В дальнейшем я не раз восхищался этой способностью Клепина начать разговор на любую интересующую его тему, которую до той поры никто не обсуждал.

– Петров-Водкин, – невозмутимо продолжал Клепин, – гениальный художник... Но он никогда не заглядывает в бессознательное. А Андре Бретон, – это имя он произнес с особенным вкусом, – пишет, что в недрах души дремлют скрытые силы... Астрал, магия, психоанализ! И эти силы могут менять все, что мы видим на поверхности. Как родники со дна озера.
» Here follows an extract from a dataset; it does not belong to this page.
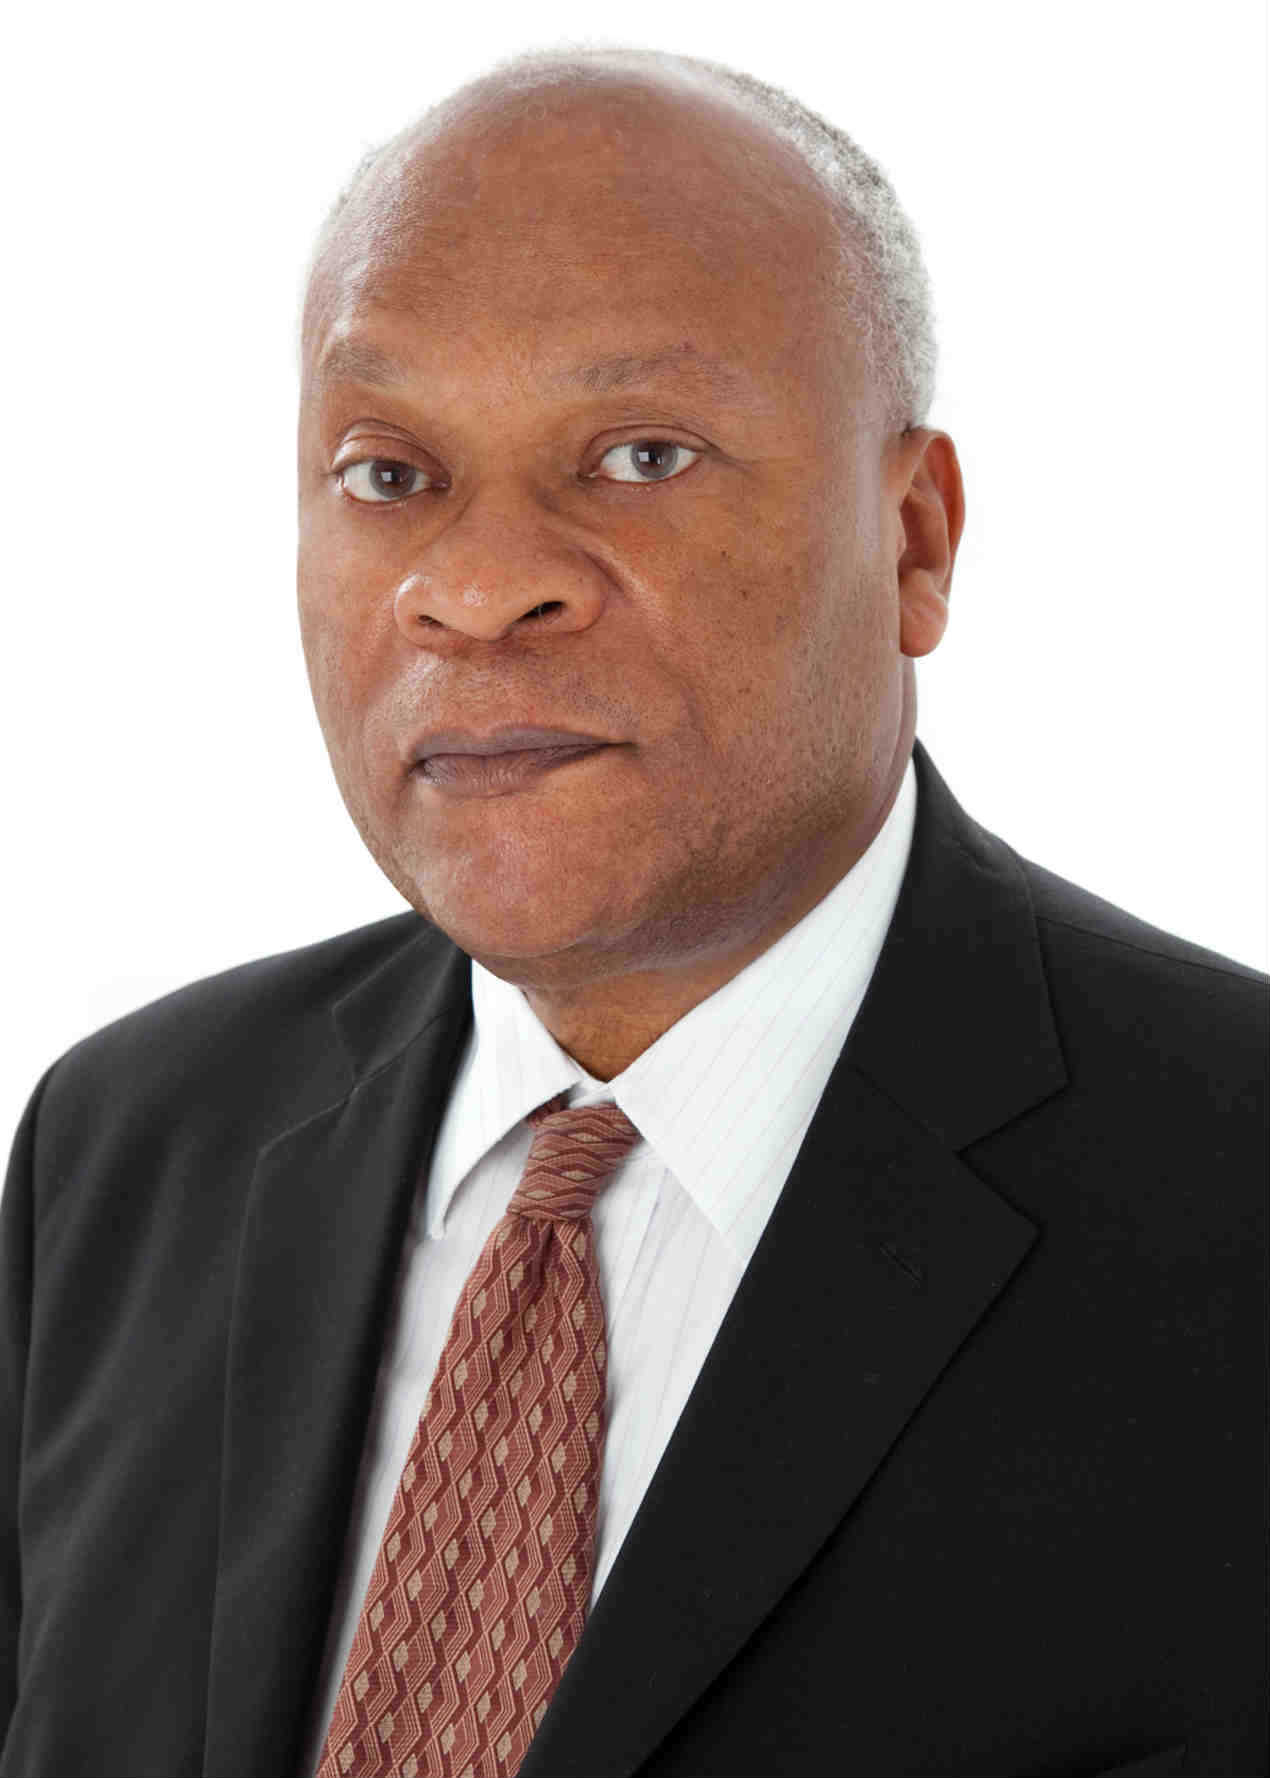 Delbert Sandiford Workplace Matters' Chairman.
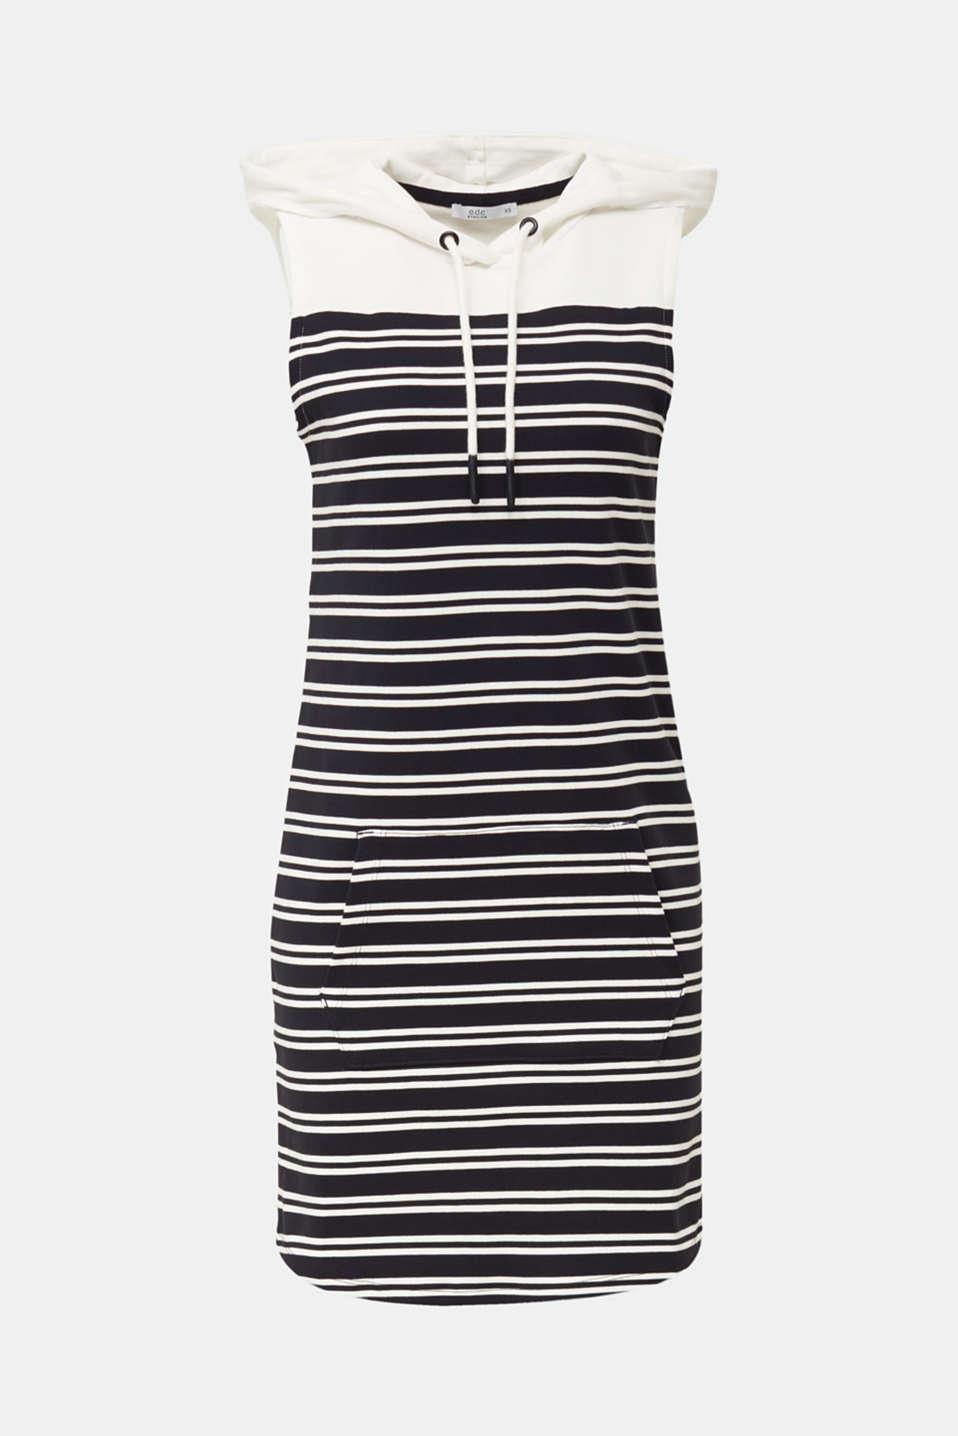 Hoodie sweatshirt dress, 100% cotton, BLACK, detail image number 7

«Ого, он тоже знает про подсознание», – удивился я и вдруг понял причину недовольства Вялкина: на моем горизонте замаячил лишний потенциальный кумир. Клепин не смотрел в мою сторону, но при этом чувствовалось, что именно мое появление вдохновляет его на излияния. Он внушительно жестикулировал, глаза его горели.

– Во-первых, Бретон говорит о литературе, – возразил Вялкин. – Во-вторых, по-твоему получается, что хорошими художниками могут быть только сюрреалисты.

– Нуу... В общем, пожалуй, да, ты прав. Эль Греко – сюрреалист, Босх – сюрреалист, Дали – сюрреалист, Горнилов – тоже сюрреалист.

Оглядевшись по сторонам, точно ожидая увидеть в каждом углу по сюрреалисту, я снова увидел смутное сияние полотен Вялкина, глубокий синий кобальт новой киноафиши, тени от банок с кистями, резцами и ножницами. Мастерская была таинственна, как сказочная пещера, как предбанник неизвестного измерения. «Интересно, какие картины у этого Клепина».

– Видишь ли, какое дело... Сюрреалисты обращаются к под-сознательному. А есть и другая сторона, – ответил Вялкин.

– Какая? – спросил я.

– Над-сознательное. То, что выше человеческого разумения. То, что может на него снизойти. Дали, Горнилов... Да, это хорошо. Но это идет снизу, из темных глубин. А нужен свет... Вот например, Андрей Рублев, исихасты, суфии...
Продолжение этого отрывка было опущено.